Grouping Limitations with heterogeneous indices
editGrouping Limitations with heterogeneous indices
editThere is a known limitation to Rollup groups, due to some internal implementation details at this time. The Rollup feature leverages
the composite
aggregation from Elasticsearch. At the moment, the composite agg only returns buckets when all keys in the tuple are non-null.
Put another way, if the you request keys [A,B,C]
in the composite aggregation, the only documents that are aggregated are those that have
all of the keys A, B
and C
.
Because Rollup uses the composite agg during the indexing process, it inherits this behavior. Practically speaking, if all of the documents in your index are homogeneous (they have the same mapping), you can ignore this limitation and stop reading now.
However, if you have a heterogeneous collection of documents that you wish to roll up, you may need to configure two or more jobs to accurately cover the original data.
As an example, if your index has two types of documents:
{ "timestamp": 1516729294000, "temperature": 200, "voltage": 5.2, "node": "a" }
and
{ "timestamp": 1516729294000, "price": 123, "title": "Foo" }
it may be tempting to create a single, combined rollup job which covers both of these document types, something like this:
PUT _xpack/rollup/job/combined { "index_pattern": "data-*", "rollup_index": "data_rollup", "cron": "*/30 * * * * ?", "page_size" :1000, "groups" : { "date_histogram": { "field": "timestamp", "interval": "1h", "delay": "7d" }, "terms": { "fields": ["node", "title"] } }, "metrics": [ { "field": "temperature", "metrics": ["min", "max", "sum"] }, { "field": "price", "metrics": ["avg"] } ] }
You can see that it includes a terms
grouping on both "node" and "title", fields that are mutually exclusive in the document types.

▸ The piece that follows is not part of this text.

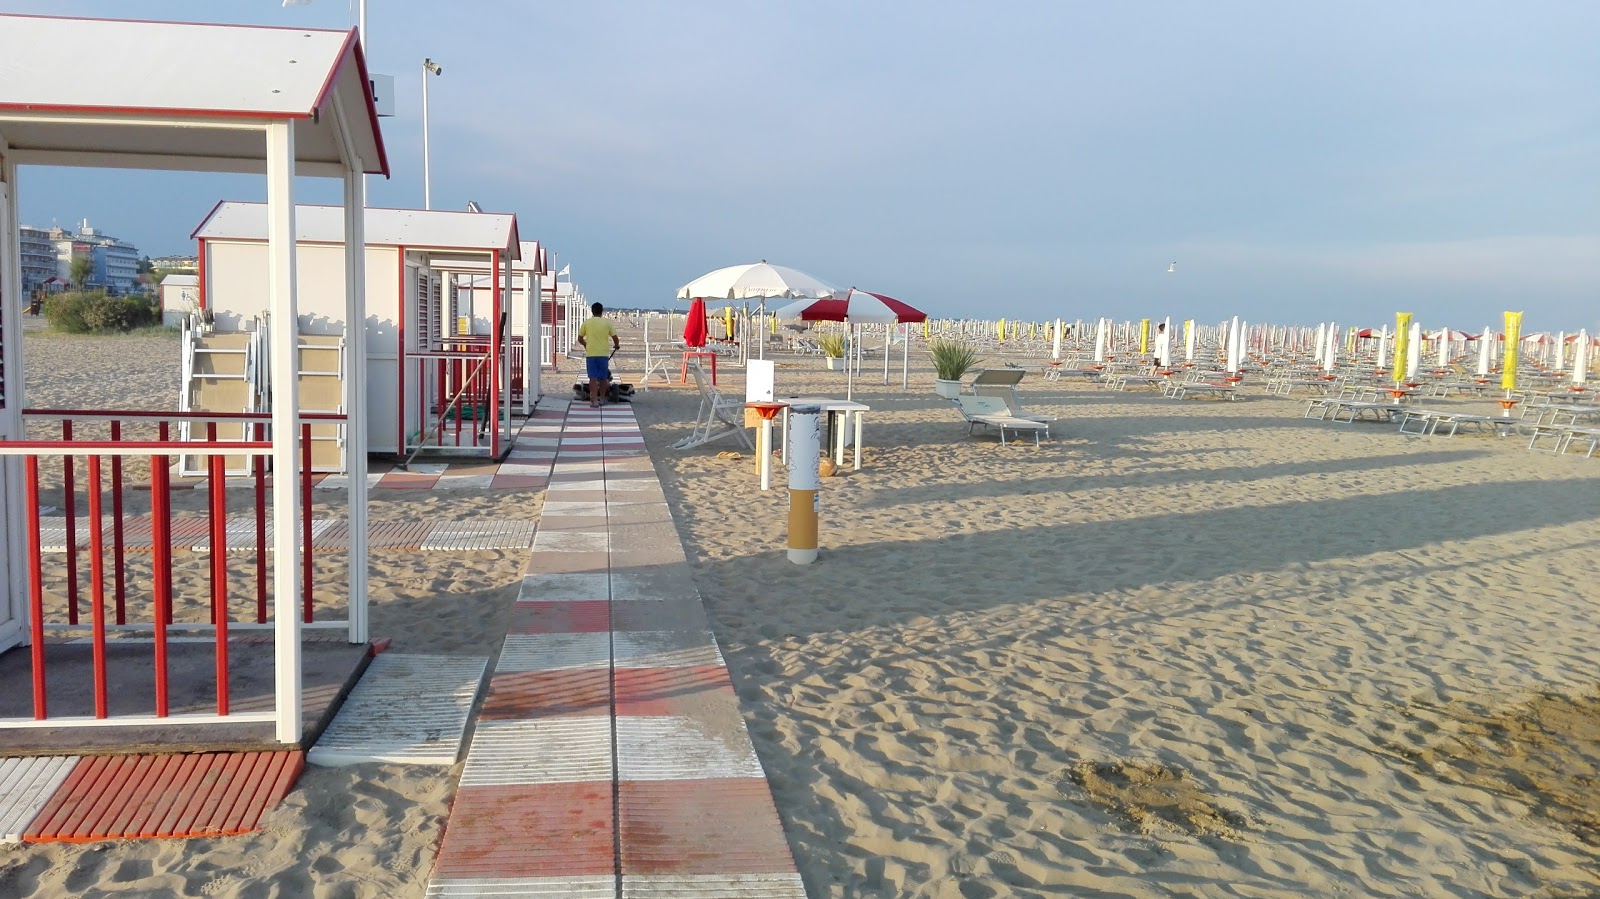 Foto af Spiaggia di Levante - populært sted blandt afslapningskendere

This will not work. Because the composite
aggregation (and by extension, Rollup) only returns buckets when all keys are non-null,
and there are no documents that have both a "node" field and a "title" field, this rollup job will not produce any rollups.

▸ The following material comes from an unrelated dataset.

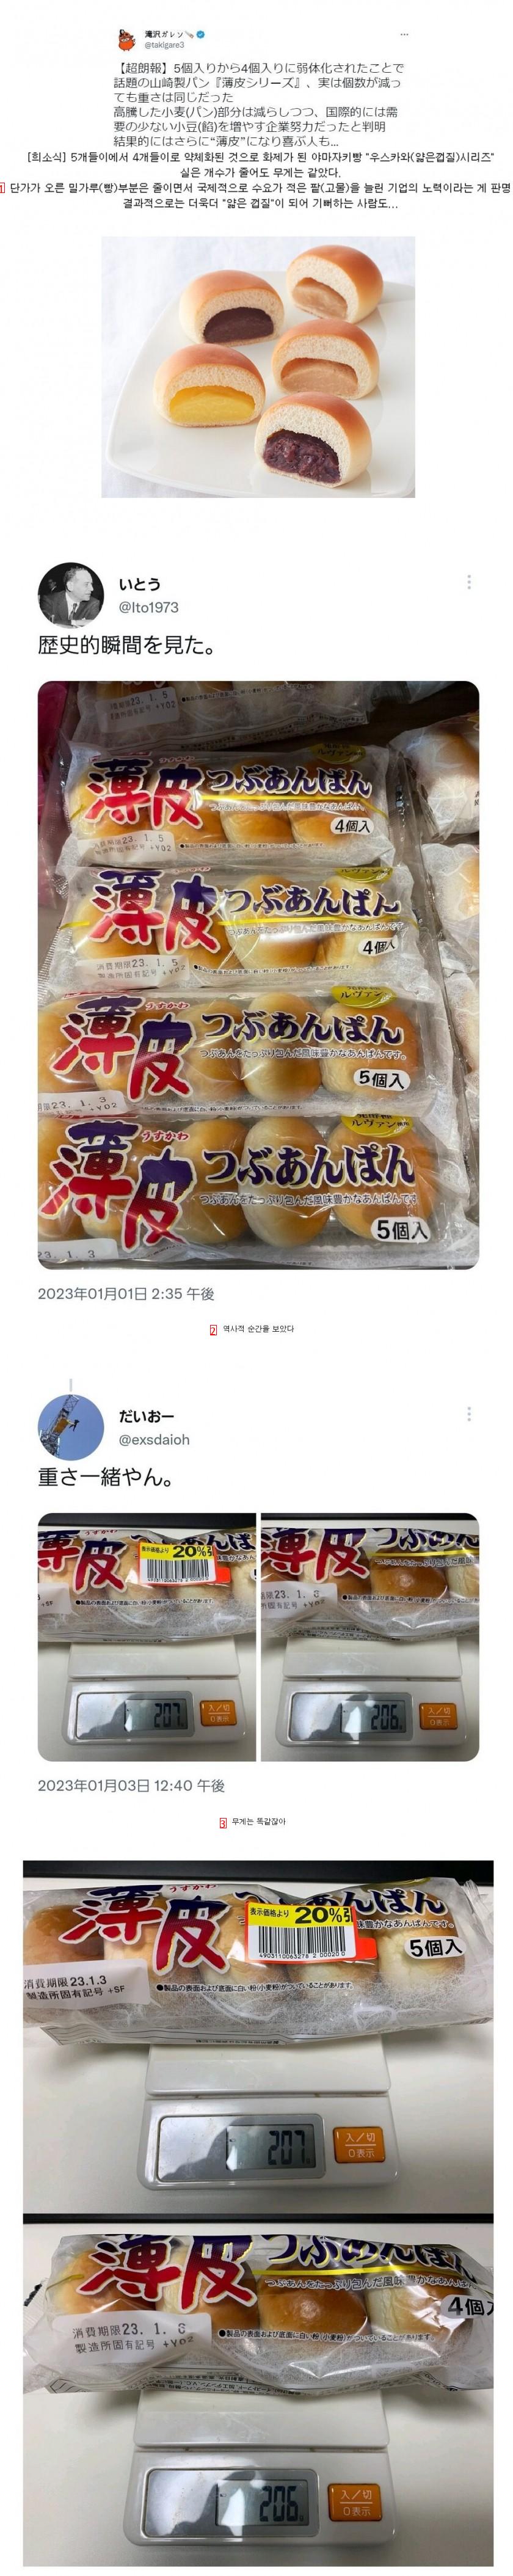 原材料価格が上昇した日本の製菓業界

Instead, you should configure two independent jobs (sharing the same index, or going to separate indices):
PUT _xpack/rollup/job/sensor { "index_pattern": "data-*", "rollup_index": "data_rollup", "cron": "*/30 * * * * ?", "page_size" :1000, "groups" : { "date_histogram": { "field": "timestamp", "interval": "1h", "delay": "7d" }, "terms": { "fields": ["node"] } }, "metrics": [ { "field": "temperature", "metrics": ["min", "max", "sum"] } ] }
PUT _xpack/rollup/job/purchases { "index_pattern": "data-*", "rollup_index": "data_rollup", "cron": "*/30 * * * * ?", "page_size" :1000, "groups" : { "date_histogram": { "field": "timestamp", "interval": "1h", "delay": "7d" }, "terms": { "fields": ["title"] } }, "metrics": [ { "field": "price", "metrics": ["avg"] } ] }
Notice that each job now deals with a single "document type", and will not run into the limitations described above. We are working on changes
in core Elasticsearch to remove this limitation from the composite
aggregation, and the documentation will be updated accordingly
when this particular scenario is fixed.